» Listed records
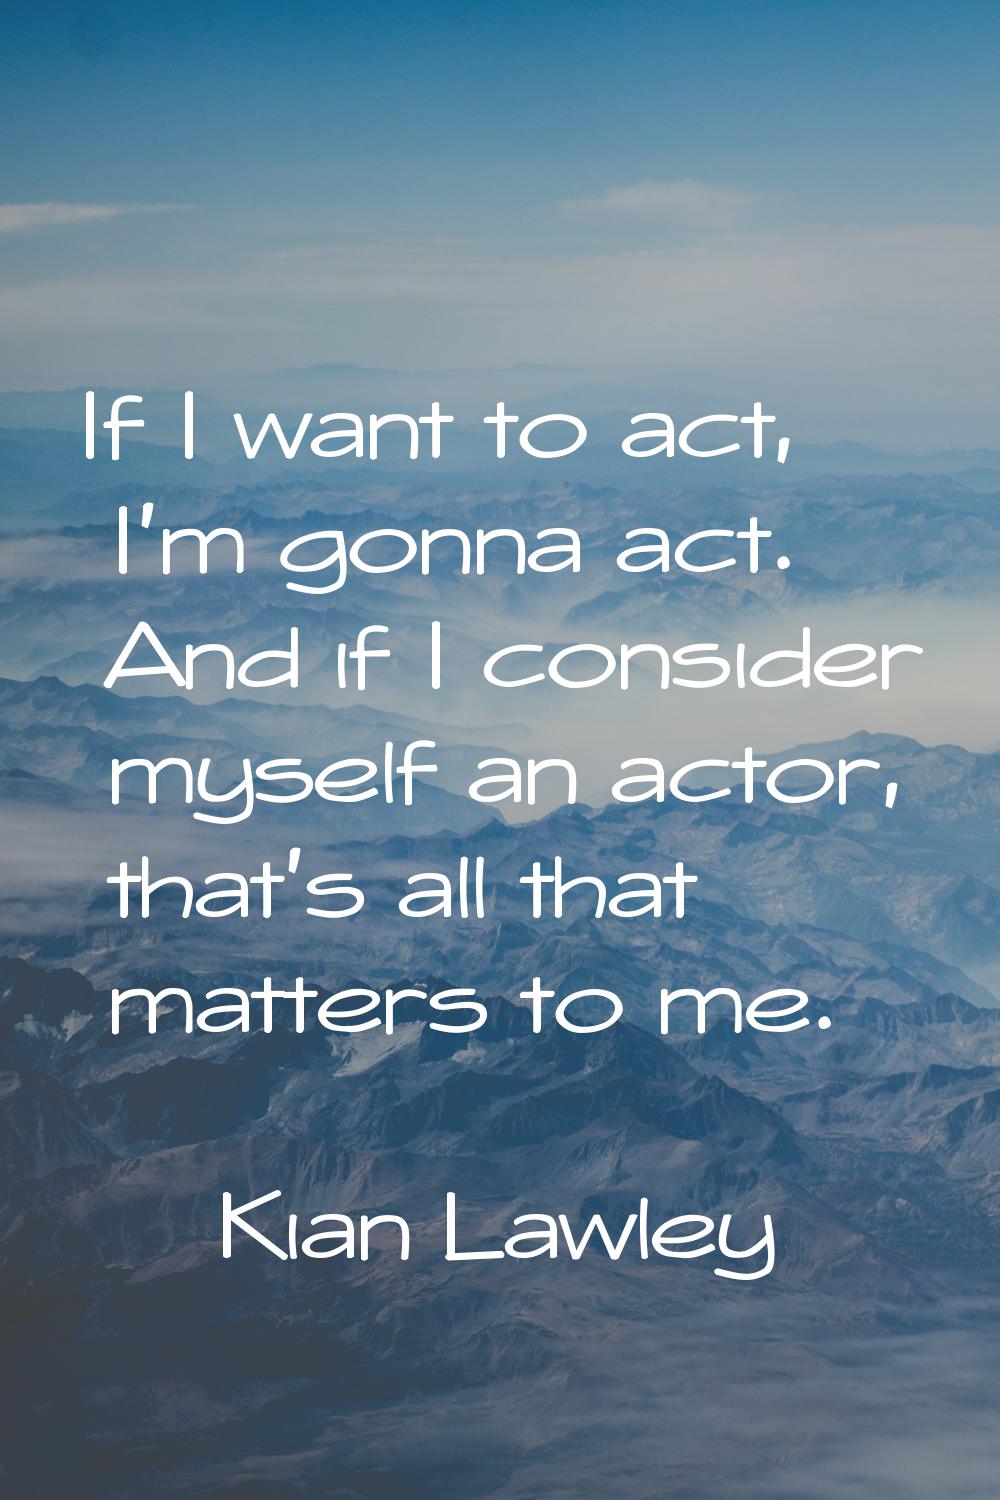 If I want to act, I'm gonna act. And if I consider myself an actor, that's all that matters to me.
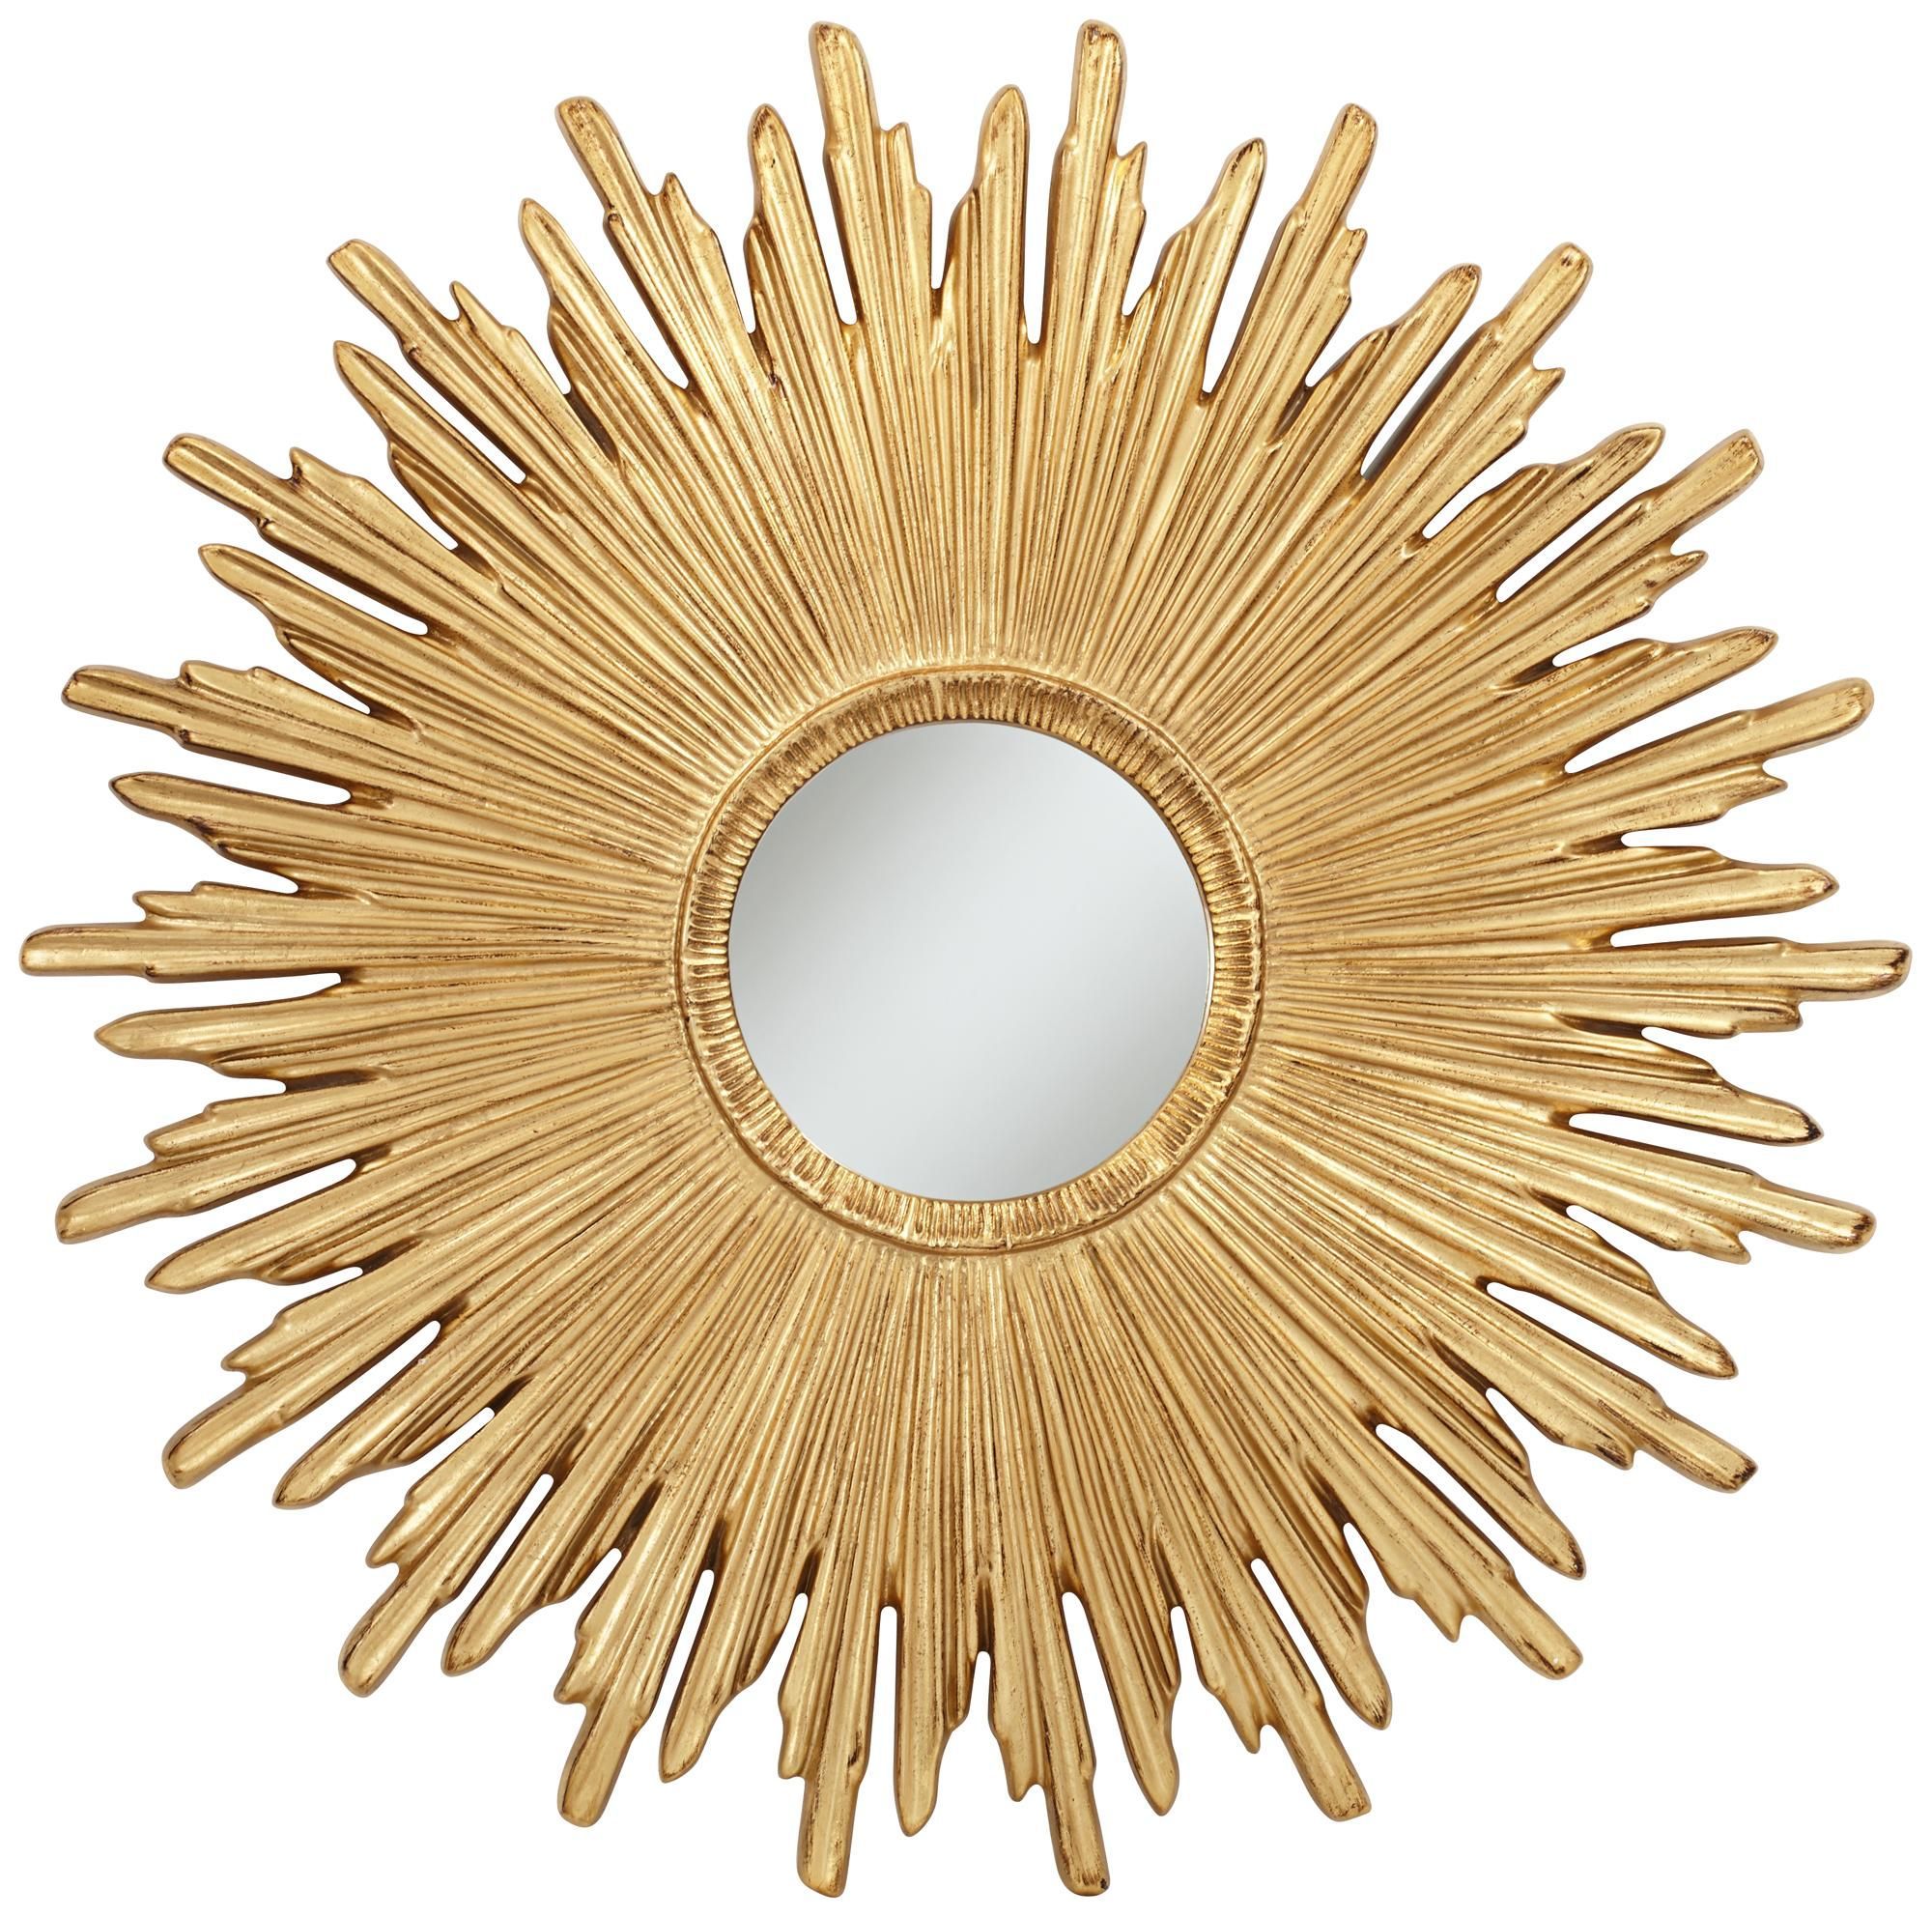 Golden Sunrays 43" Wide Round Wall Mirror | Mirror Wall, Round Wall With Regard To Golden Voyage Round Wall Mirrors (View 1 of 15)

* * *

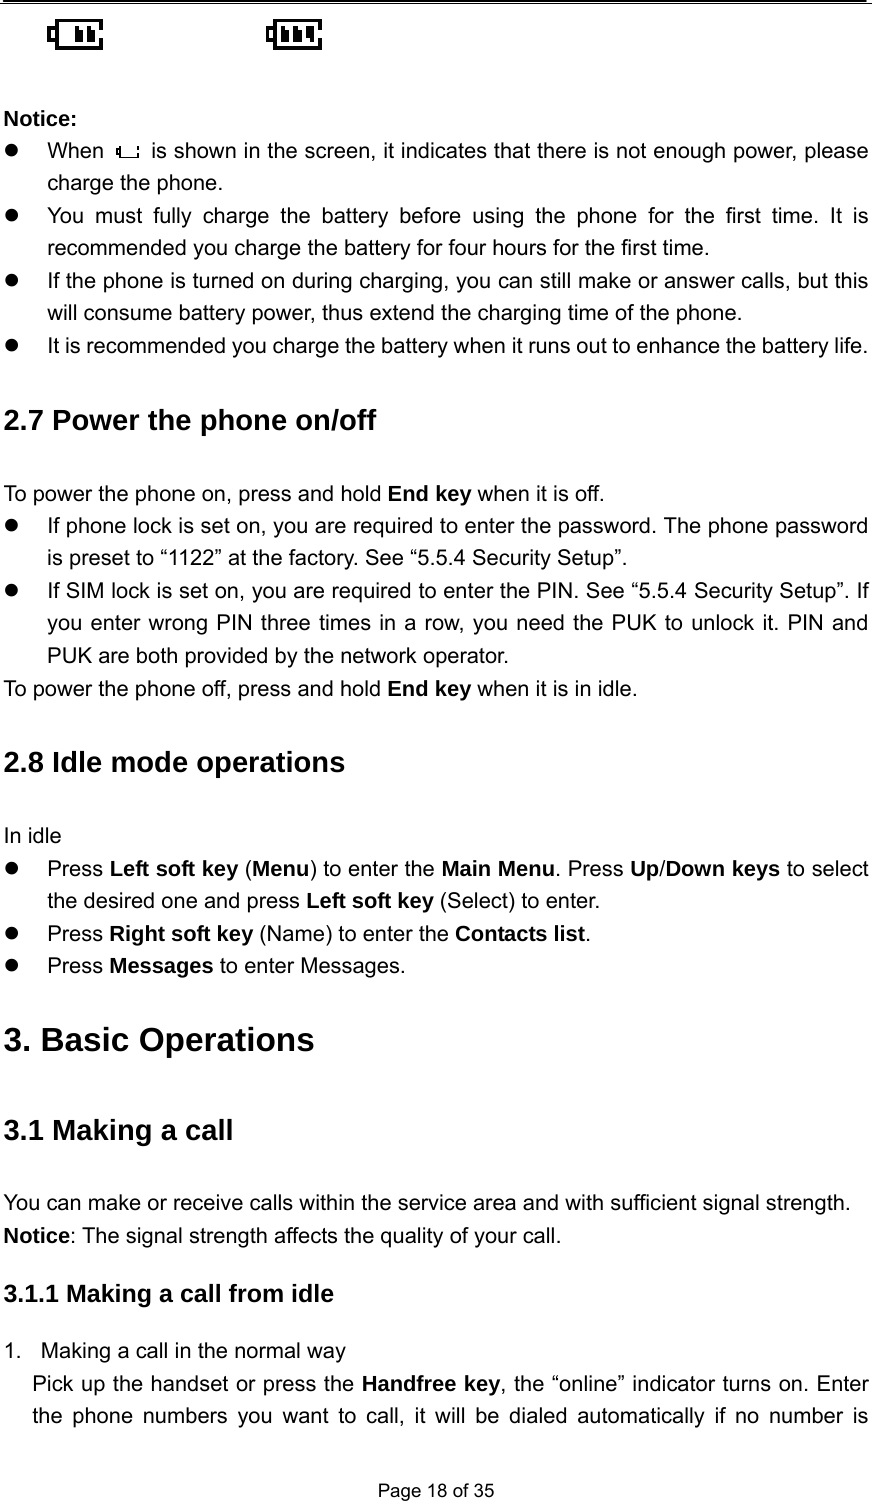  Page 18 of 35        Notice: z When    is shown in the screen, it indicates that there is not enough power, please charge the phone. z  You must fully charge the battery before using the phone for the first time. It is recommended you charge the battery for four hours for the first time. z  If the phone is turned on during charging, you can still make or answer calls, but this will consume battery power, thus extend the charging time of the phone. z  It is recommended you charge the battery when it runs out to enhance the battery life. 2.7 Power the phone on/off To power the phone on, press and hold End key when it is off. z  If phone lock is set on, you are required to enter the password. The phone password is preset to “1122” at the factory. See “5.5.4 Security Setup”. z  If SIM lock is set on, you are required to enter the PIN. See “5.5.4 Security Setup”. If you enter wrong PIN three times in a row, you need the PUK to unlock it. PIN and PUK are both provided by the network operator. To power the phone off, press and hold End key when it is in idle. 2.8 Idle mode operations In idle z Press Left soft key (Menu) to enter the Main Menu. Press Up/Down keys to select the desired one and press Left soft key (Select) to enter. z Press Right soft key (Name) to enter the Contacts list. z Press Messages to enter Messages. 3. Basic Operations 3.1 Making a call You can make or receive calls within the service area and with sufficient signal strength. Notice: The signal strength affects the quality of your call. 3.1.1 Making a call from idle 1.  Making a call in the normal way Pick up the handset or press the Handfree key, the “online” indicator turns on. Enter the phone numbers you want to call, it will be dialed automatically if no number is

--

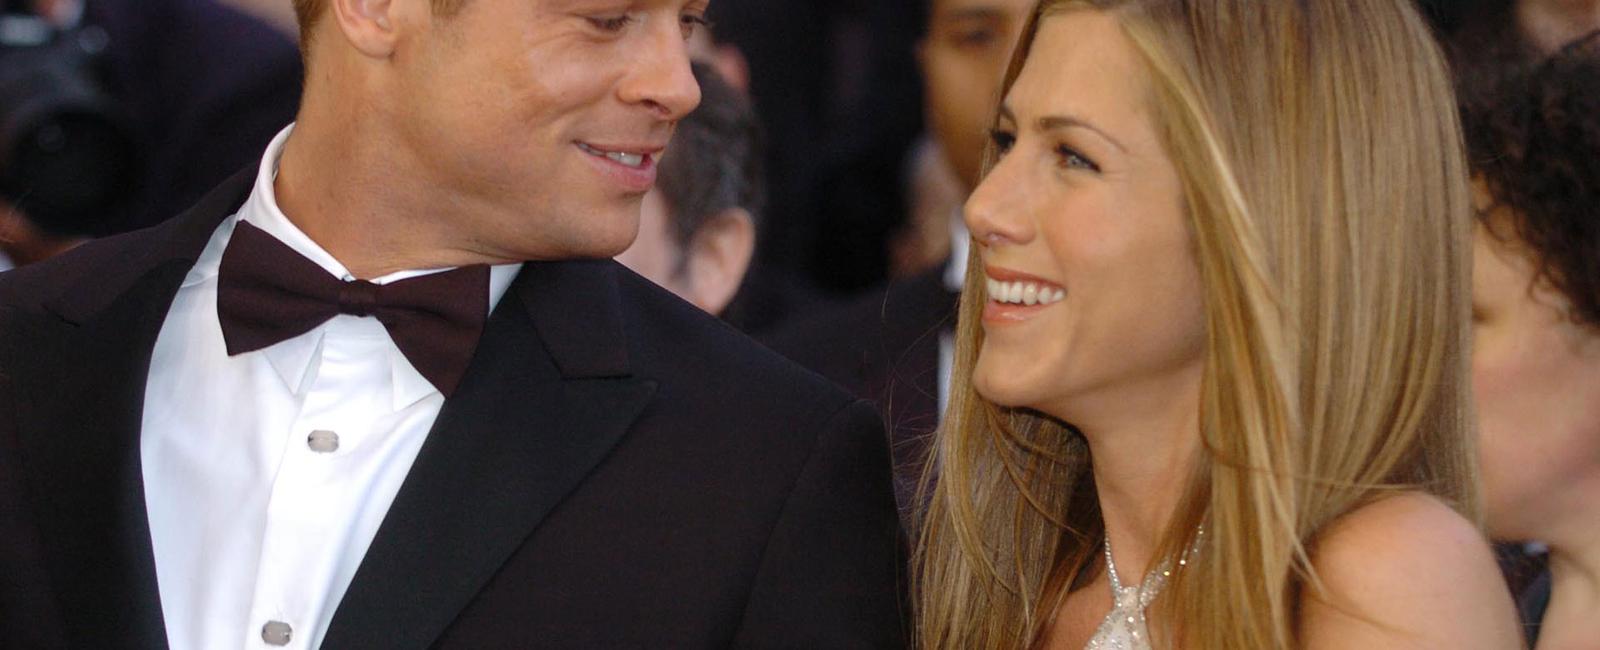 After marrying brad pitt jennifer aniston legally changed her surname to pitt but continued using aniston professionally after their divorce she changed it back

» Work to be completed
In the listing above, find the line holding "If I want to" and the line holding "(View 1 of 15)". Reproduce those two lines and all between them exactly, leaving out pictures.

» Written answer
 If I want to act, I'm gonna act. And if I consider myself an actor, that's all that matters to me.
 Golden Sunrays 43" Wide Round Wall Mirror | Mirror Wall, Round Wall With Regard To Golden Voyage Round Wall Mirrors (View 1 of 15)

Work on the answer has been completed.